Anwar Hossain, another farmer of Chaltebunia village, said “I have four bighas of land and it is the source of the livelihood of my six-member family. As saline water entered into my land during cyclone Amphan it turned into saline land.”
He also feared that it is not possible to grow any crop on the land.
Nazrul Islam, a village doctor said most of the people of the upazila are depend on cultivation and the soil of many lands have lose its fertility due to saline water.
Mohammad Mamunur Rashid, deputy commissioner of Bagerhat District, said “There is a possibility of facing some problems due to the salt water that got stuck on the croplands. The local administration is trying to remove salinity from soil.”

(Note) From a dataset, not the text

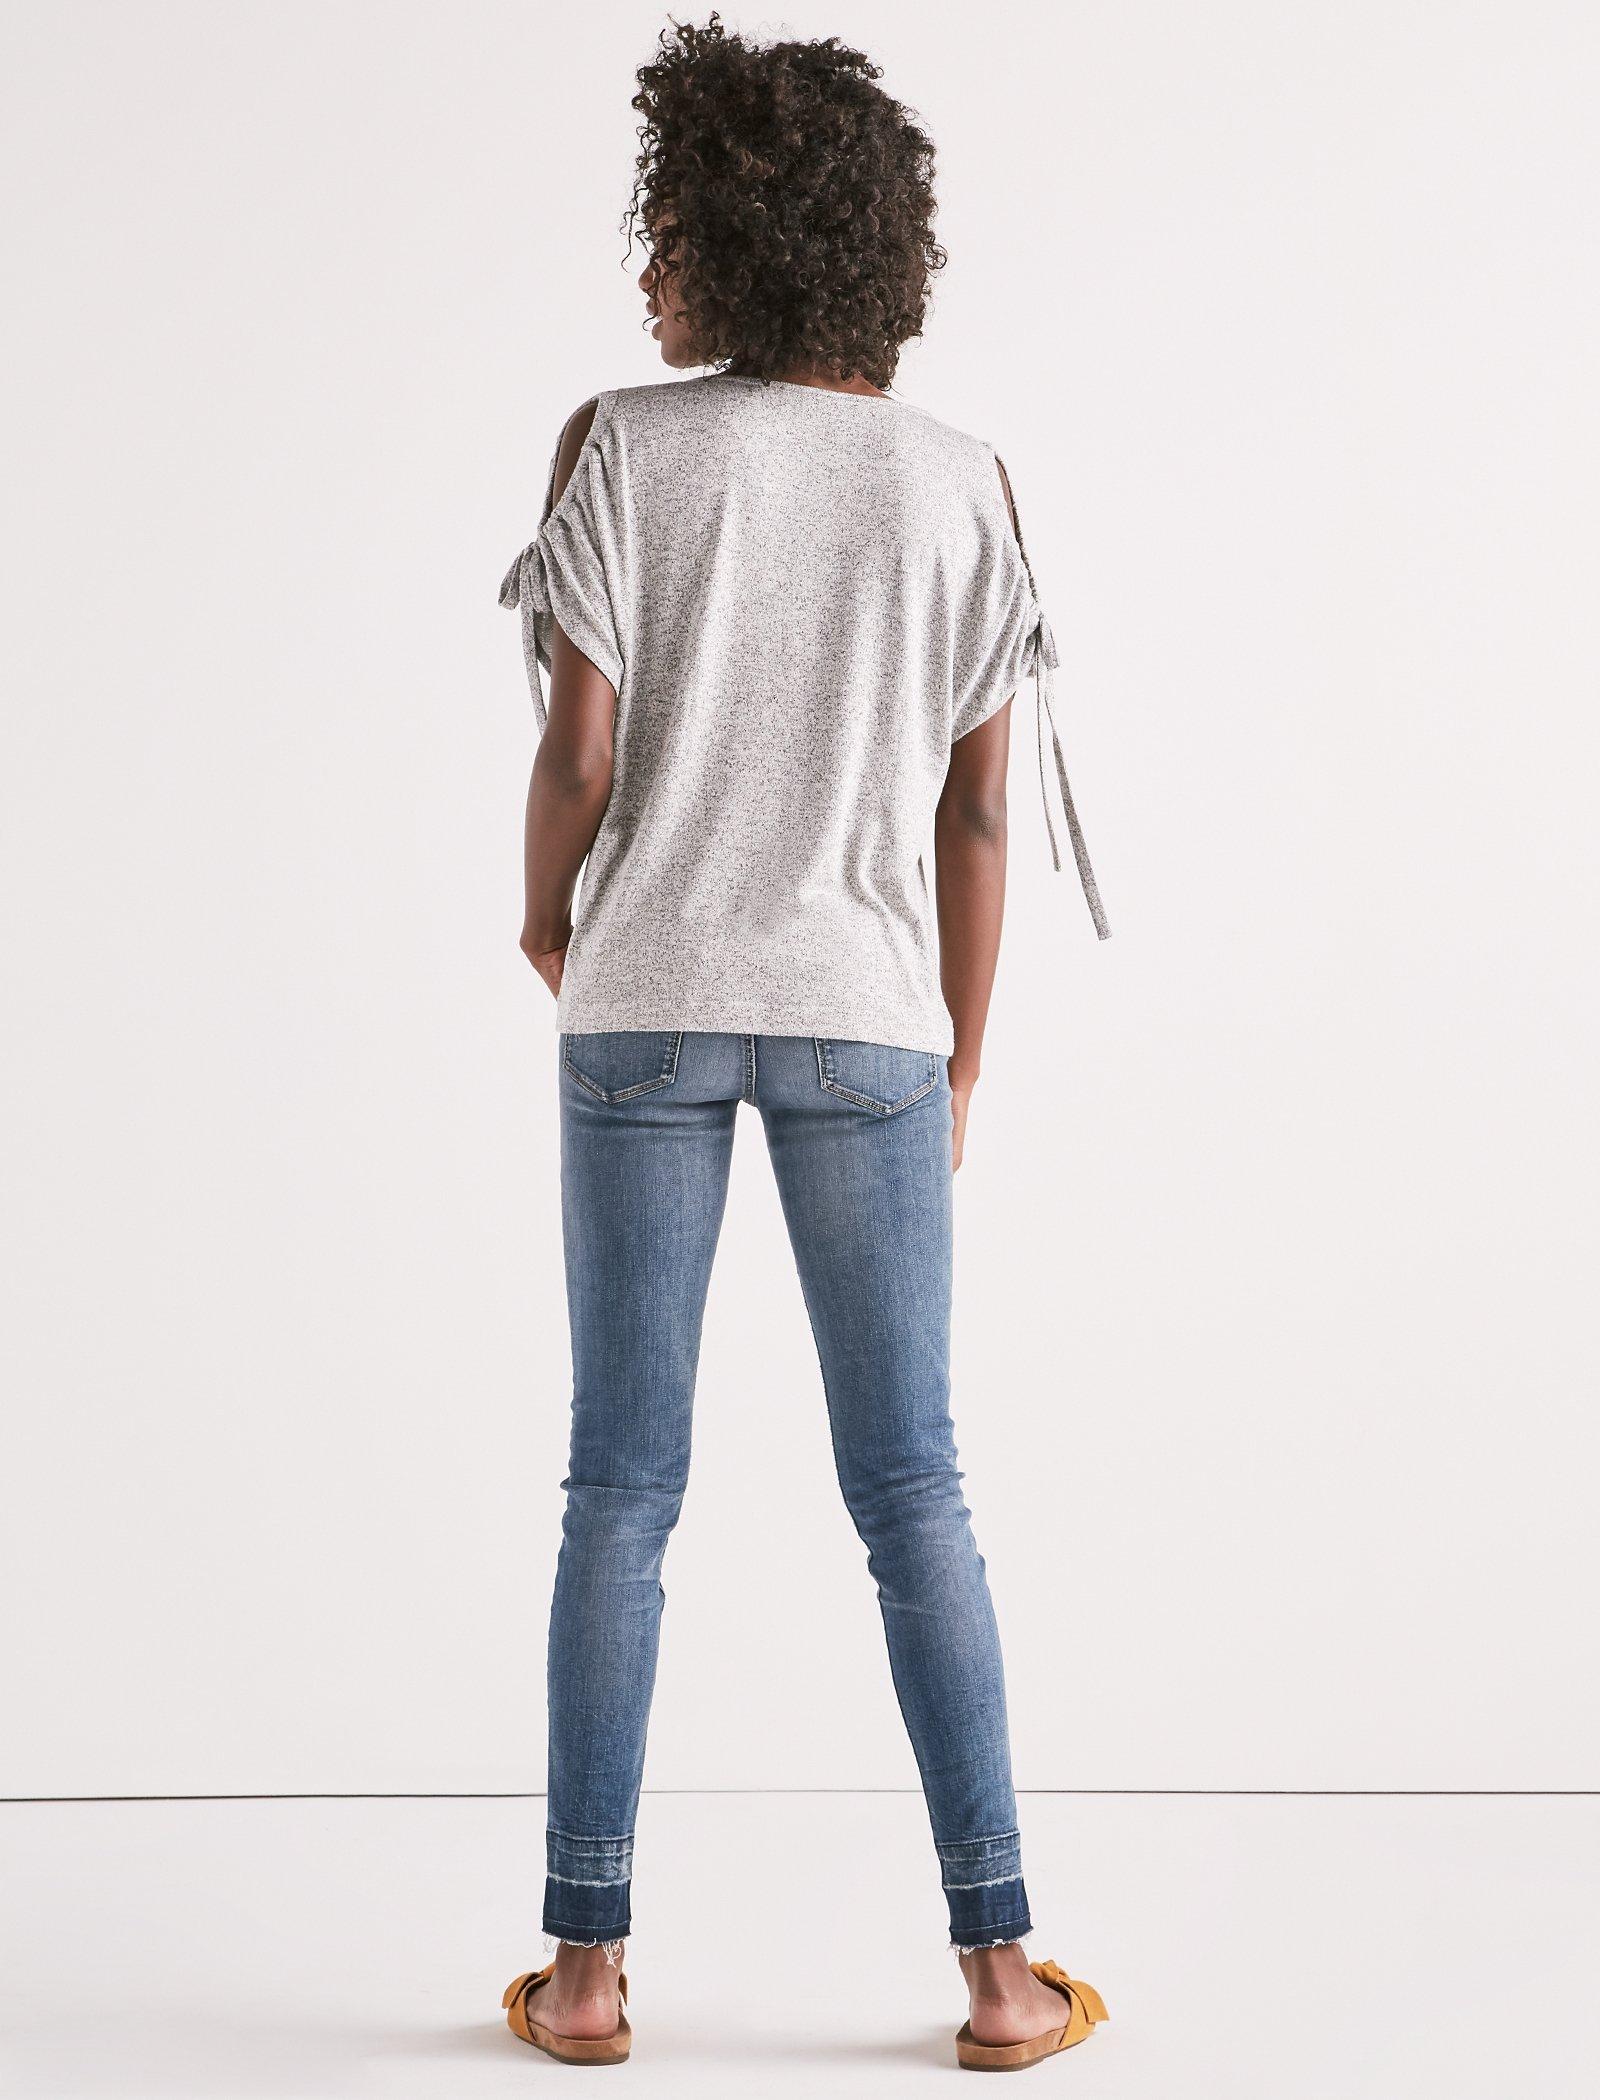 TIE SHOULDER BUTTON BACK | Lucky Brand
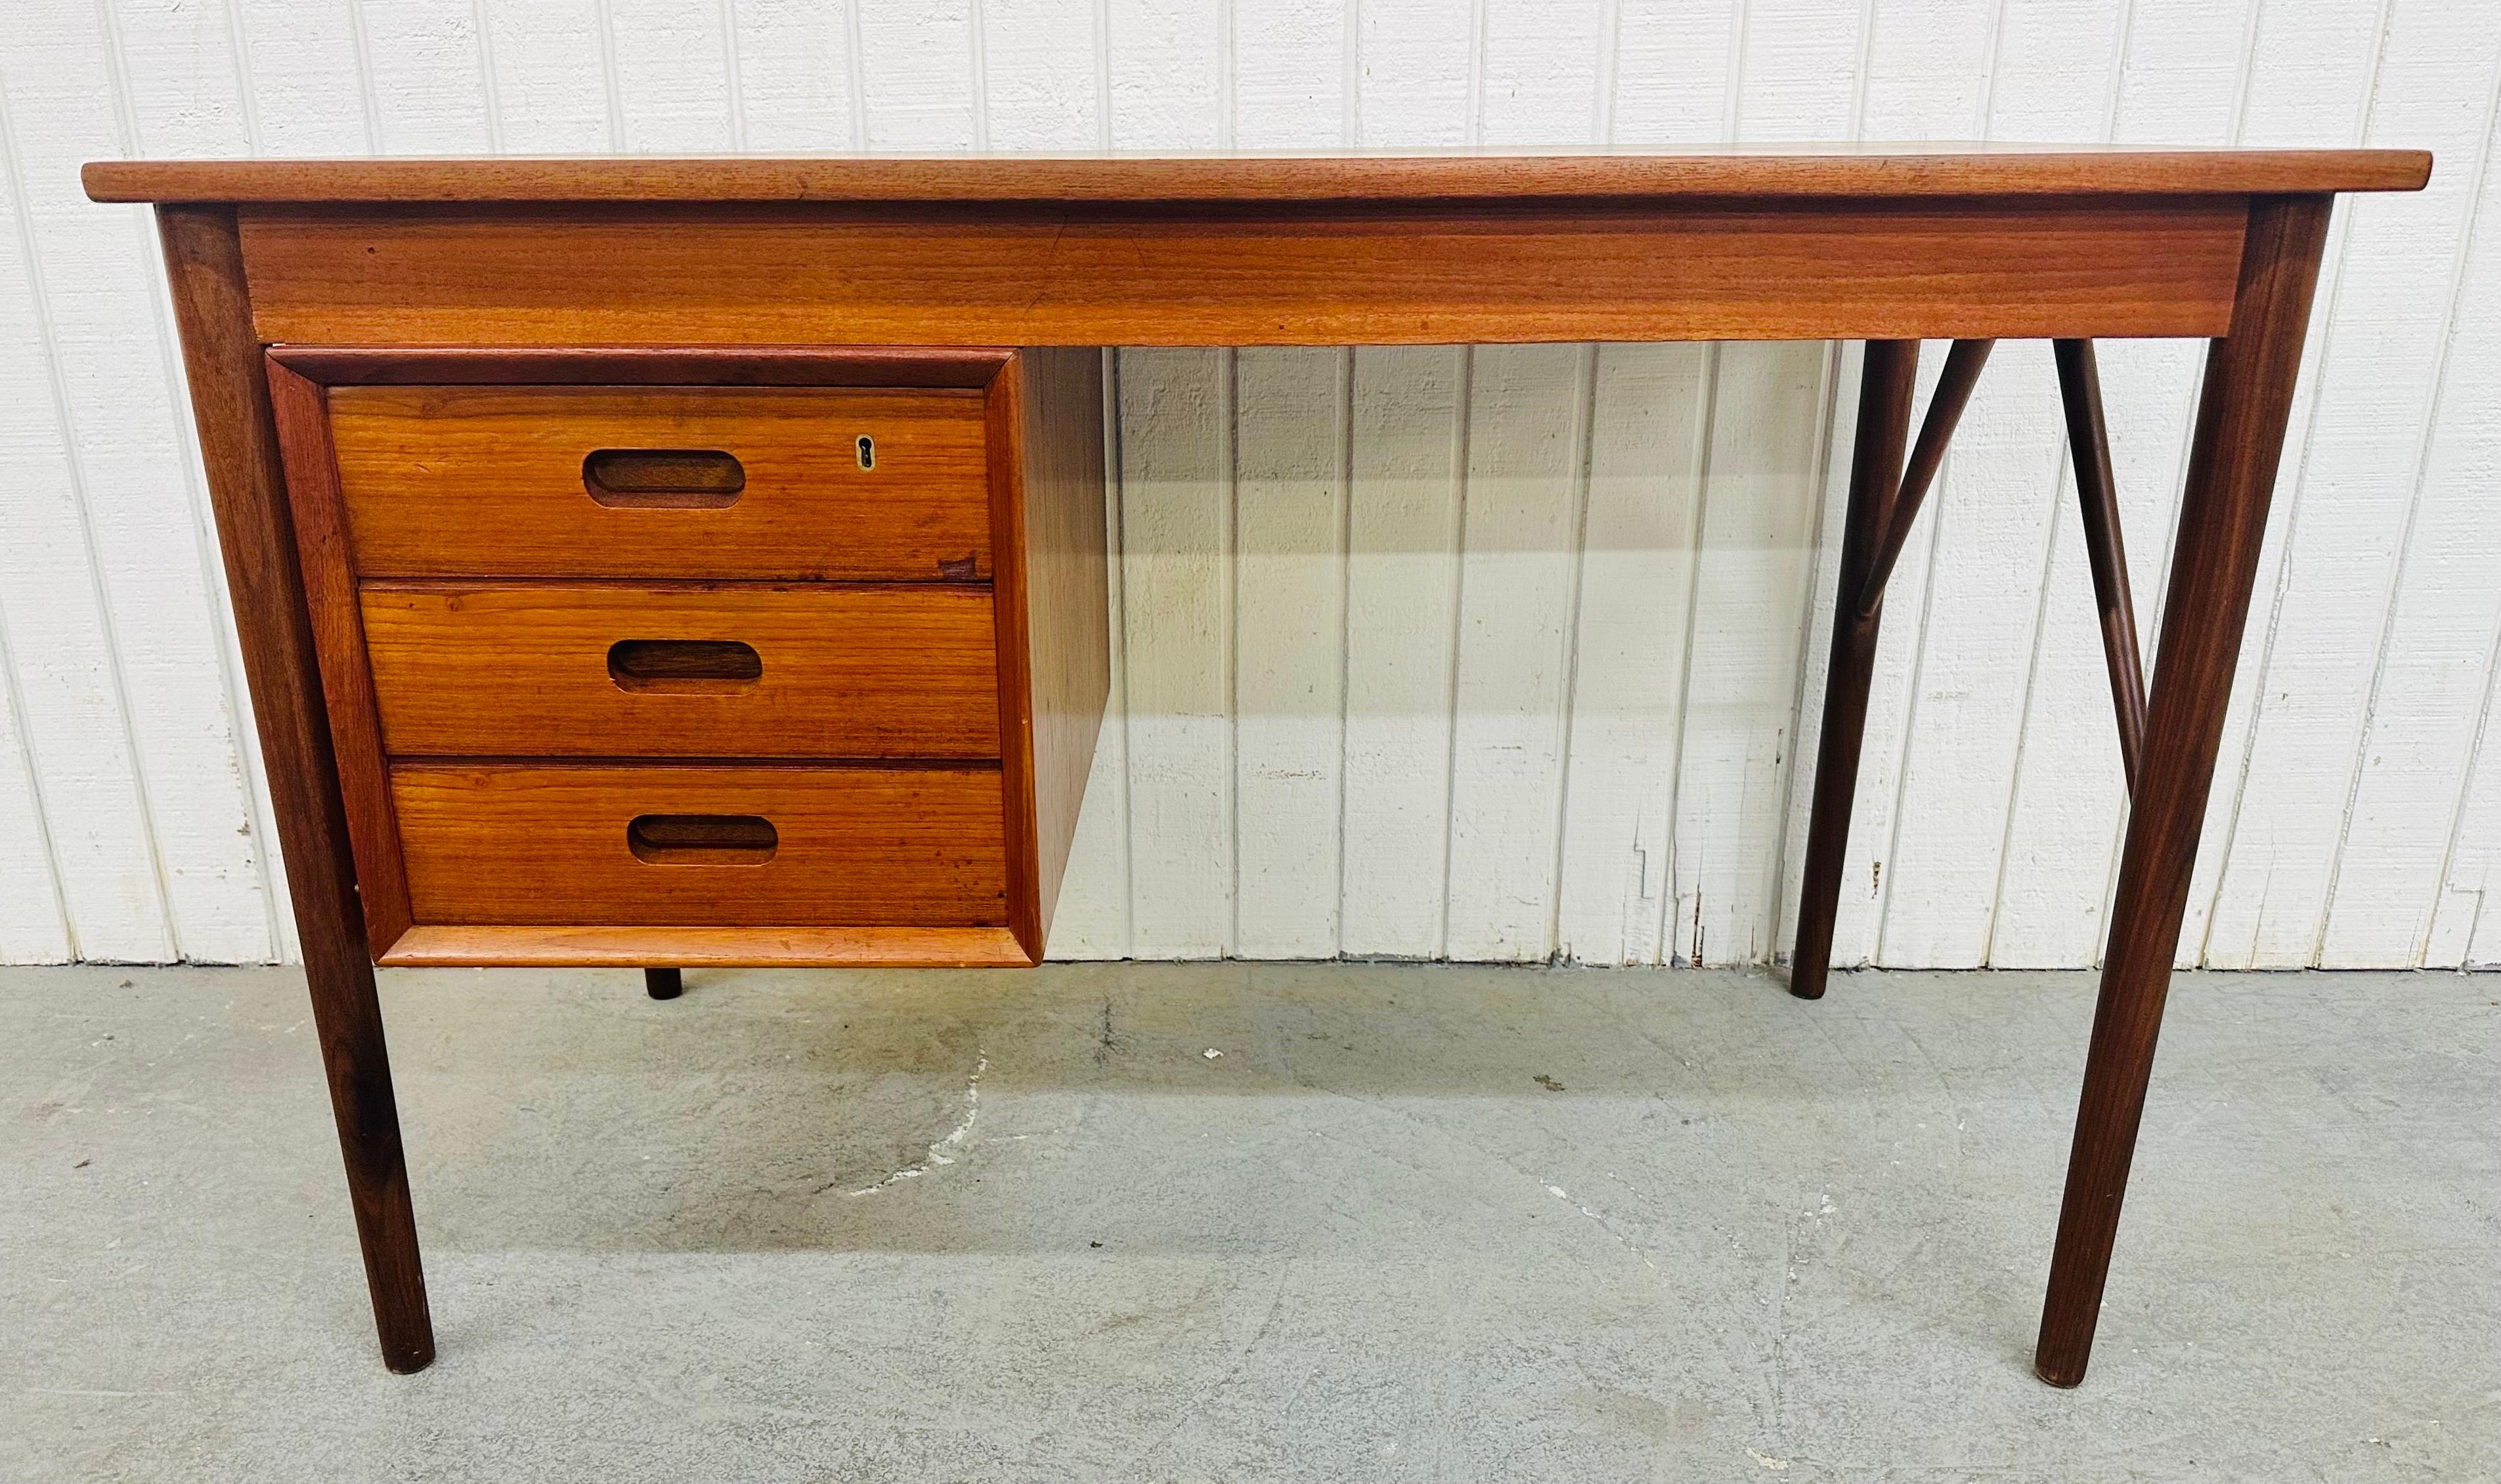 This listing is for a Mid-Century Danish Modern Teak Writing Desk. Featuring rectangular writing surface, four long skinny legs, hanging three drawer cabinet on the left side, a finished backside with storage space, and a beautiful teak finish. This

In order to compensate for the loss, discussions have been held with the Department of Agriculture Extension for the cultivation of salt tolerant crops on the lands, he said.
Raghunath Kor, deputy director of Bagerhat DAE, said “Saline water has entered into the crops lands in Sharankhola, Morelganj and Mongla upazilas of the district. The production of crops may be hampered due to excessive salinity in the lands. It is a long-term damage. Strategies have been taken to recoup losses by cultivating salt tolerant crops.”
He also asked farmers to cultivate the salt-tolerant ‘73’ variety paddy on their lands.
According to the DAE, there are 1,39,958 hectares of cultivated land and salt water has entered on 500 hectares of land in Sharankhola, Mongla, Morelganj and Sadar upazilas of Bagerhat, damaging 1,510 hectares of Aush paddy, banana, betel leaf and vegetables during the cyclonic storm Amphan, which made a landfall in the coastal districts of the country on May 20.
Some 67,431 farmers involved with cultivation have been affected by the cyclonic storm.